Die Behörden wurden schon letzte Woche Mittwochfrüh - noch vor dem Erdbeben - informiert, dass das isolierte Hotel in Schwierigkeiten sei. Auch die Frage, wieso stundenlang ein Räumfahrzeug gesucht wurde, um die Straße zum Hotel freizuschaufeln, ruft bei den Betroffenen Wut hervor. Eine Schneefräse sei kaputt gewesen, berichteten italienische Medien. Eine andere Fräse befand sich offenbar ganz in der Nähe, doch niemand schien das zu wissen.
Ermittlungsverfahren eingeleitet
Die Staatsanwaltschaft hatte bereits am Donnerstag letzter Woche ein Ermittlungsverfahren gegen unbekannt eingeleitet. Der Vorwurf lautet auf mehrfache fahrlässige Tötung. Bei einem Treffen in Pescara wurde der Stand der Ermittlungen zu möglichen Verantwortlichkeiten zusammengefasst. Auch den neuen Hinweisen, wonach Notrufe nach dem Unglück nicht ernst genommen worden seien, soll nachgegangen werden.
Auch stellt sich die Frage, ob das Hotel ohne Genehmigung mitten im Naturschutzgebiet des Gran-Sasso-Massivs gebaut wurde. 1972 wurde das Hotel Rigopiano an der Stelle einer einfachen Schutzhütte in 1.200 Meter Höhe eröffnet und vor zehn Jahren zu einem eleganten Viersternehotel mit Sauna und Pool ausgebaut.

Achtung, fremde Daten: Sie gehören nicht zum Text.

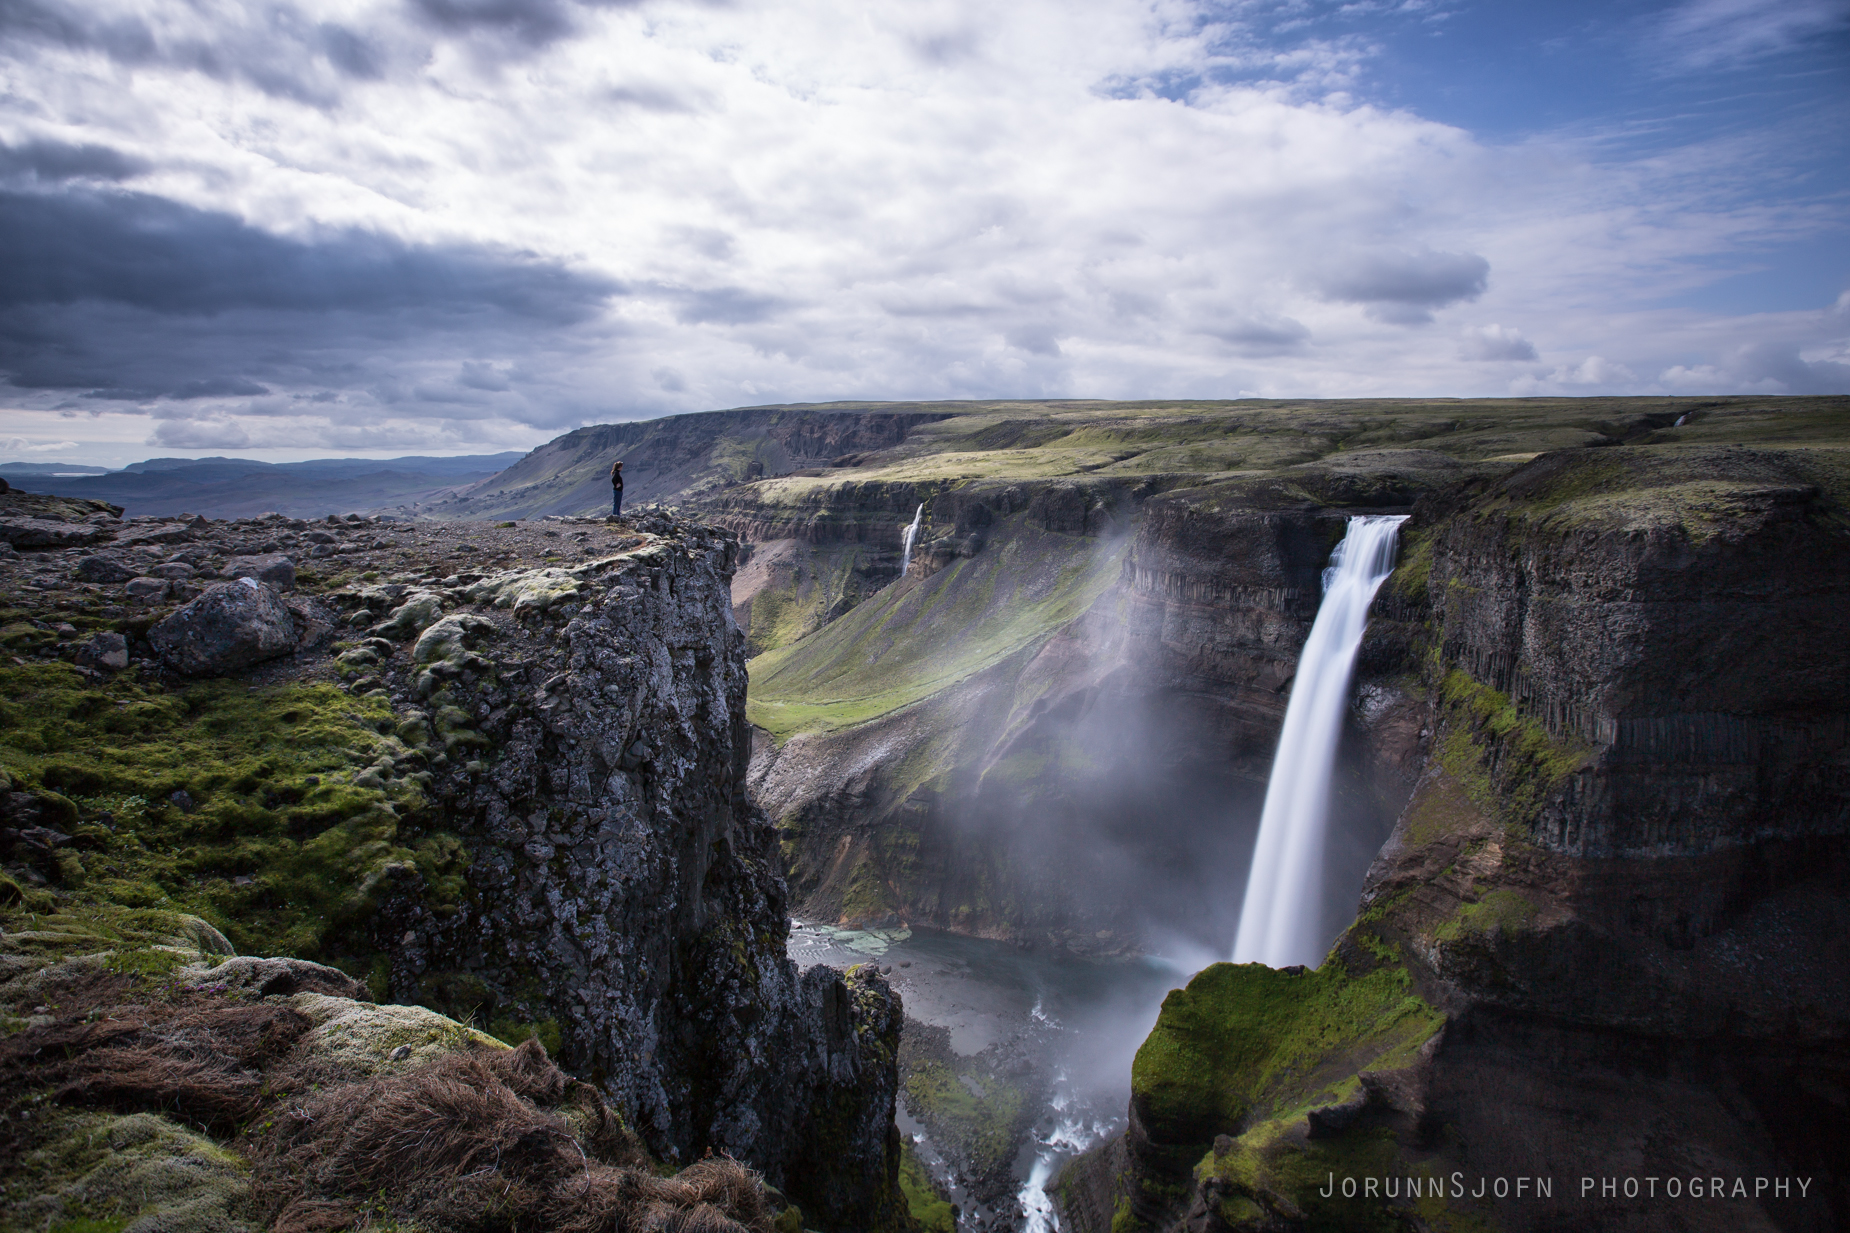 Chasing Waterfalls In Iceland Guide To Iceland
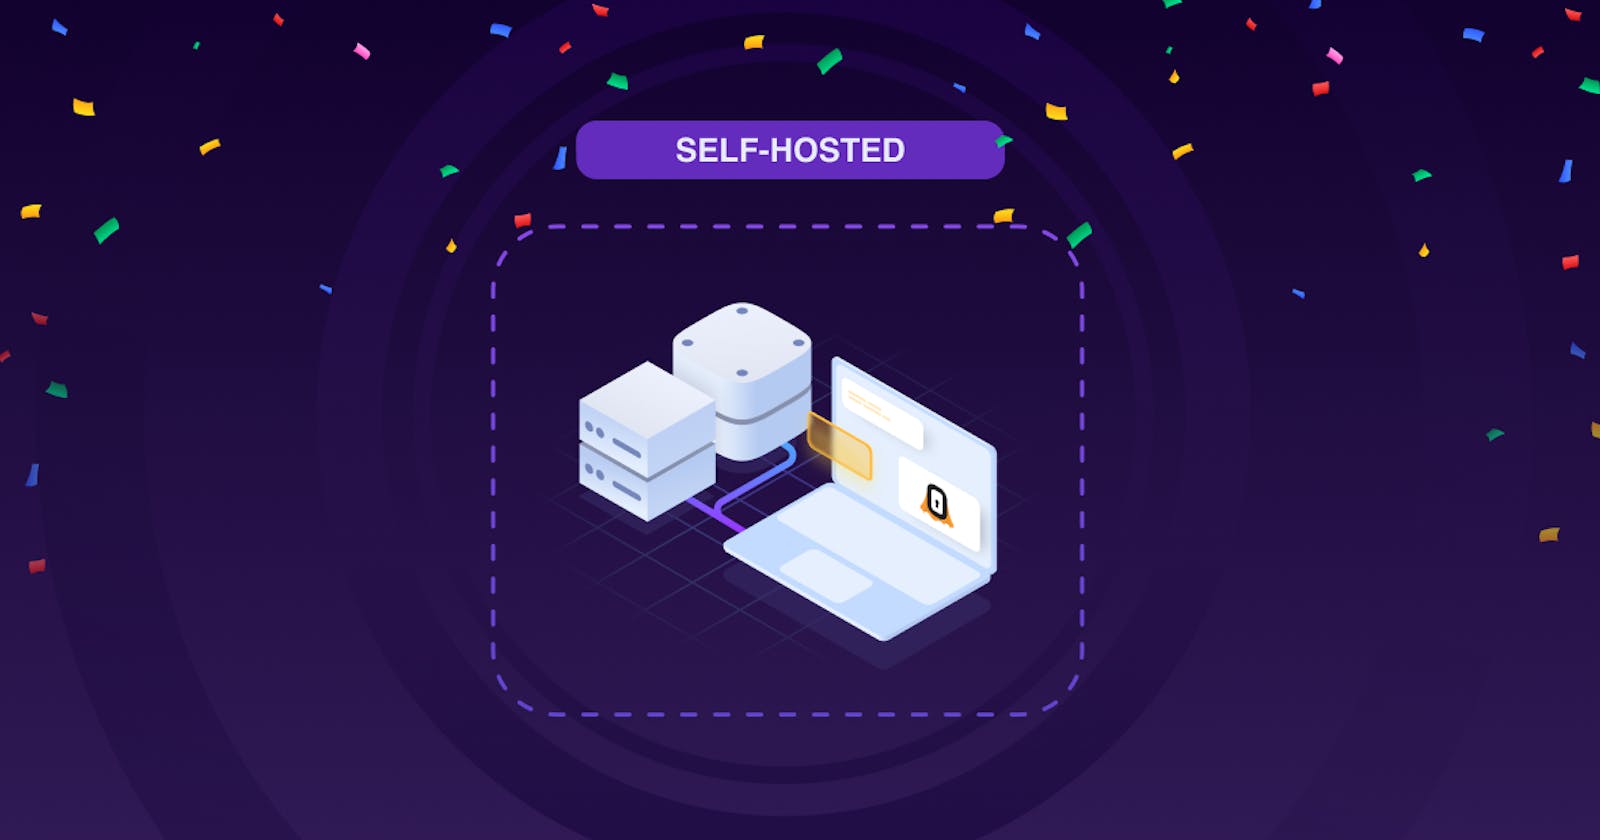 So You Want to Self-Host? A Beginner's Guide from a Frazzled DevOps Guy 👨‍💻

Keine Jagd nach „Sündenböcken“
Lange Zeit ermittelte die Justiz, ob Gemeindevertreter bestochen wurden, um beim Ausbau des Hotels alle Augen zuzudrücken. Im November wurden die Ermittlungen eingestellt. Regierungschef Paolo Gentiloni rief am Sonntagabend im Fernsehen dazu auf, keine Jagd nach „Sündenböcken“ zu betreiben: „Die Wahrheit soll helfen, dass die Dinge künftig besser funktionieren und nicht, alte Rechnungen zu begleichen“, sagte er.